В 1649 году семья Паскалей покинула Париж ради Оверни и, кажется, оставалась там около года с половиной. Мадам Перье ничего не говорит об этом визите, насколько это касается ее брата, кроме того факта, что он сопровождал Жаклин и ее отца. Вероятность, однако, заключается в том, что визит был в некоторой степени продиктован заботой о здоровье Паскаля. Он сделал в Париже некоторый прогресс к выздоровлению, несмотря на суровость своего лечения. Но он был все еще далек от здоровья, и было сочтено необходимым, «чтобы восстановить его полностью, чтобы он оставил всякого рода умственные занятия и искал, насколько мог, возможности развлекать себя». Ее брат, добавляет она, очень неохотно принял этот совет, «потому что видел его опасность». Наконец, однако, он уступил, «считая себя обязанным сделать все, что мог, чтобы восстановить свое здоровье, и потому что думал, что тривиальные развлечения не могут повредить ему. Так он предался миру». Когда это определенное изменение в жизни Паскаля началось, остается неопределенным, но есть указания на то, что он в значительной степени оставил свои занятия в 1649 году и в последующем году. В течение этих лет нет ничего из-под его пера. Интервал между «отчетом» об экспериментах на Пюи-де-Дом (1648) и его письмом к г-ну Рибейру, 12 июля 1651 года, пуст в любой записи научных или литературных трудов. Это не является окончательным, конечно, что он бездельничал; но, взятое в связи с замечаниями его сестры и уединением в Оверни, это предполагает, что семья могла искать там, в сельской изоляции и домашнем воссоединении, средства полного отвлечения Паскаля от его более суровых занятий и научных компаньонов, которые постоянно подталкивали их в Париже. Может быть, также, что отец искал средства отвлечения Жаклин от окрестностей Пор-Рояля и от столь же волнующих ассоциаций для нее, связанных с этим соседством.
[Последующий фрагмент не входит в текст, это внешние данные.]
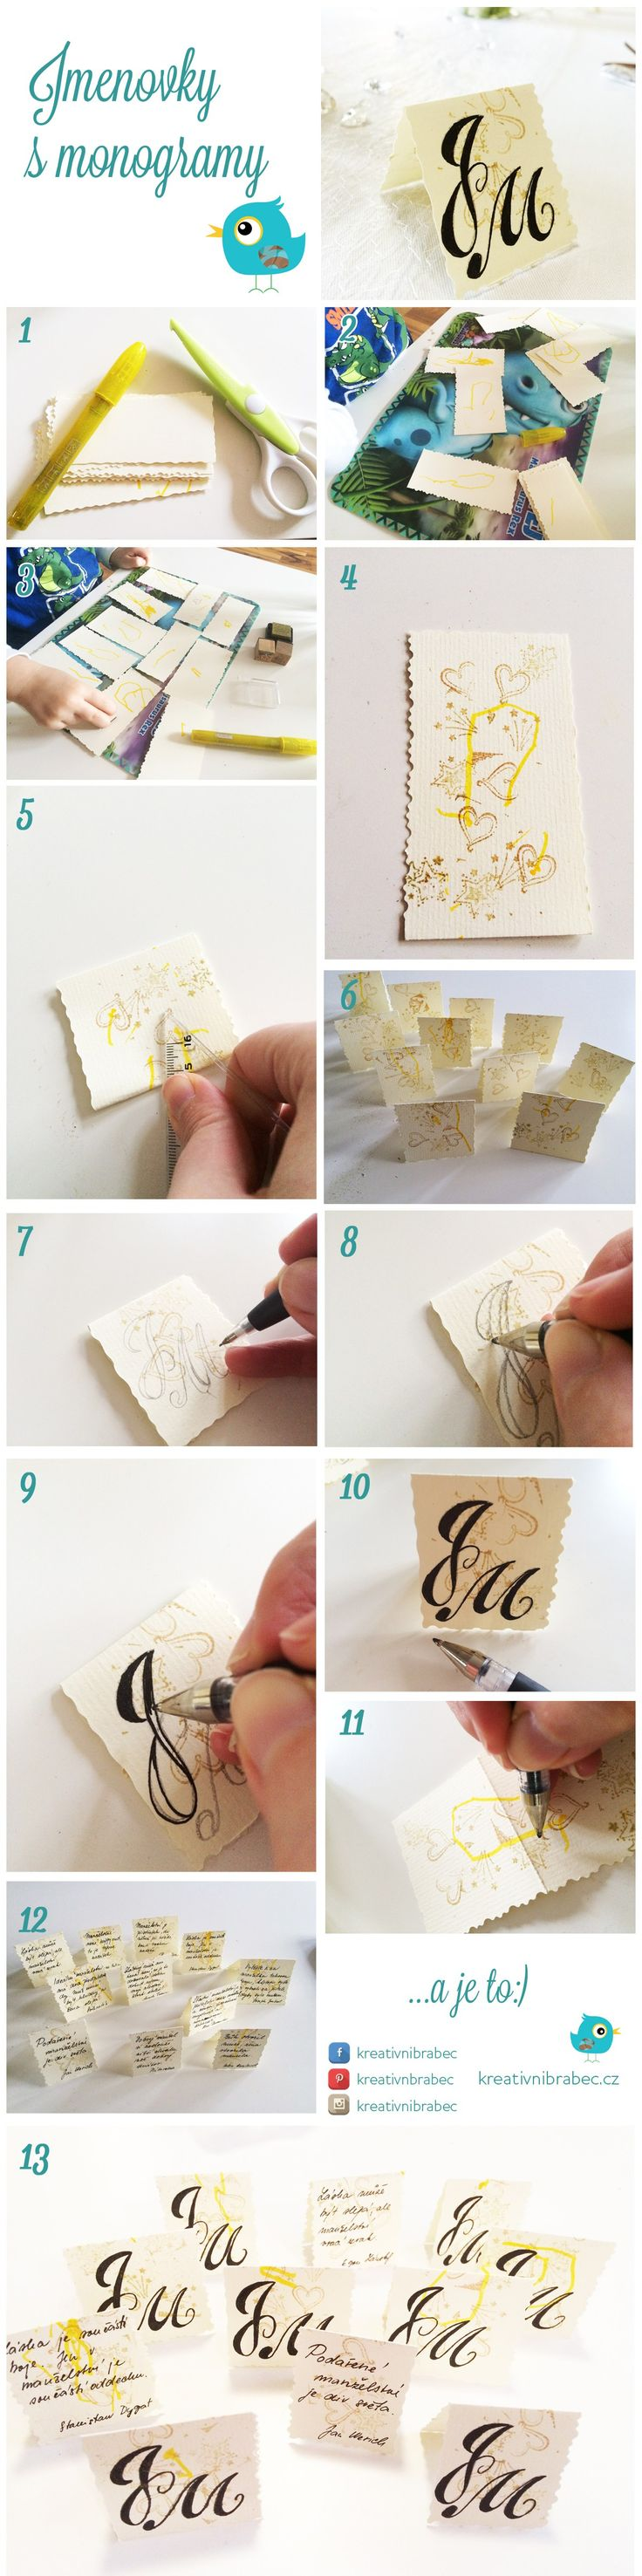 Jednoduchý návod ke kartičkám s monogramem a citáty
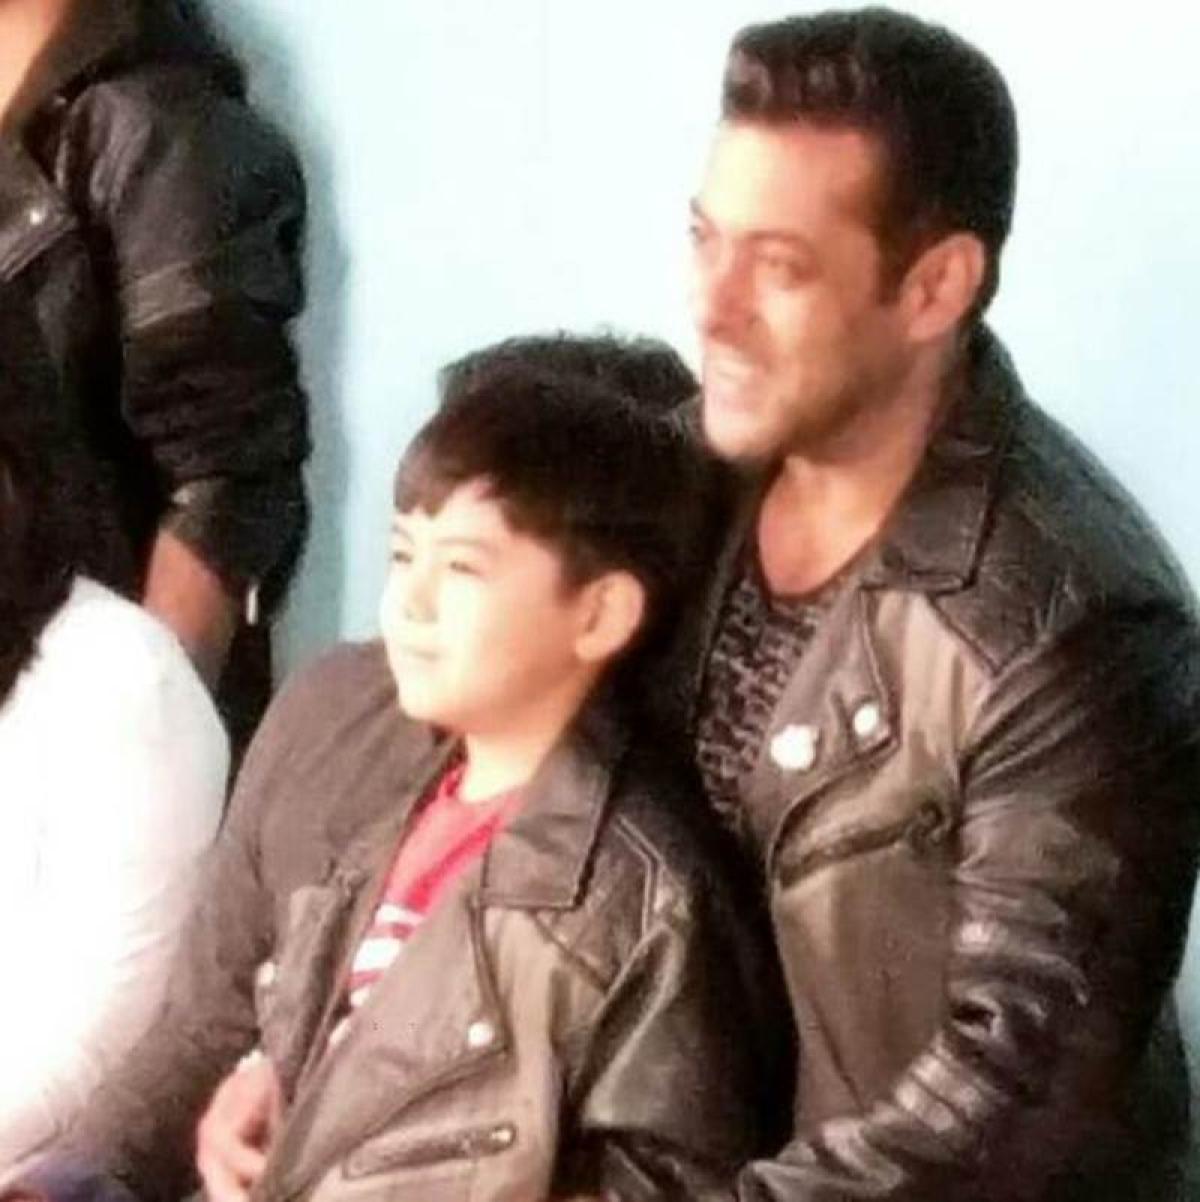 OMG! Salman and Matin Rey Tangu pose for the cameras wearing similar jackets!

О жизни Паскаля в Оверни в это время мы не знаем ничего, или почти ничего. Существует, правда, единственный след, которому придали большое значение, — это мемуары Флешье, описывающие его пребывание в Клермоне в 1665 и 1666 годах, через несколько лет после смерти Паскаля. В этих мемуарах Флешье приводит анекдот о молодой даме, «которая была местной Сапфо» и пользовалась большой любовью у всех beaux esprits того времени. Среди прочих, «г-н Паскаль, который к тому времени приобрел такую известность, и еще один savant постоянно находились при этой belle savante». Трудно понять, как относиться к этому смутному, хотя и пикантному анекдоту. Некоторые из наиболее религиозных почитателей Паскаля были даже шокированы им и пытались доказать, что он не может относиться к автору «Мыслей». Г-н Кузен и другие лица придавали ему слишком большое значение. Кажется, нет оснований сомневаться в том, что анекдот относится к младшему Паскалю — его никак нельзя разумно отнести к его отцу. Нет также никаких оснований полагать, что Паскаль был менее склонен интересоваться красивой и образованной demoiselle, чем любой другой молодой человек его возраста. Напротив, есть основания полагать, что в то время он был особенно восприимчив к прелестям женского общества. Мимолетный взгляд, который эта история дает на его занятия в Оверни, а также относительная яркость и досуг, в которых, по-видимому, на некоторое время протекала его жизнь, приятны. Это наводит на мысль, что переезд в деревню прошел успешно и что благодаря отдыху и уединению вдали от Парижа его здоровье значительно улучшилось.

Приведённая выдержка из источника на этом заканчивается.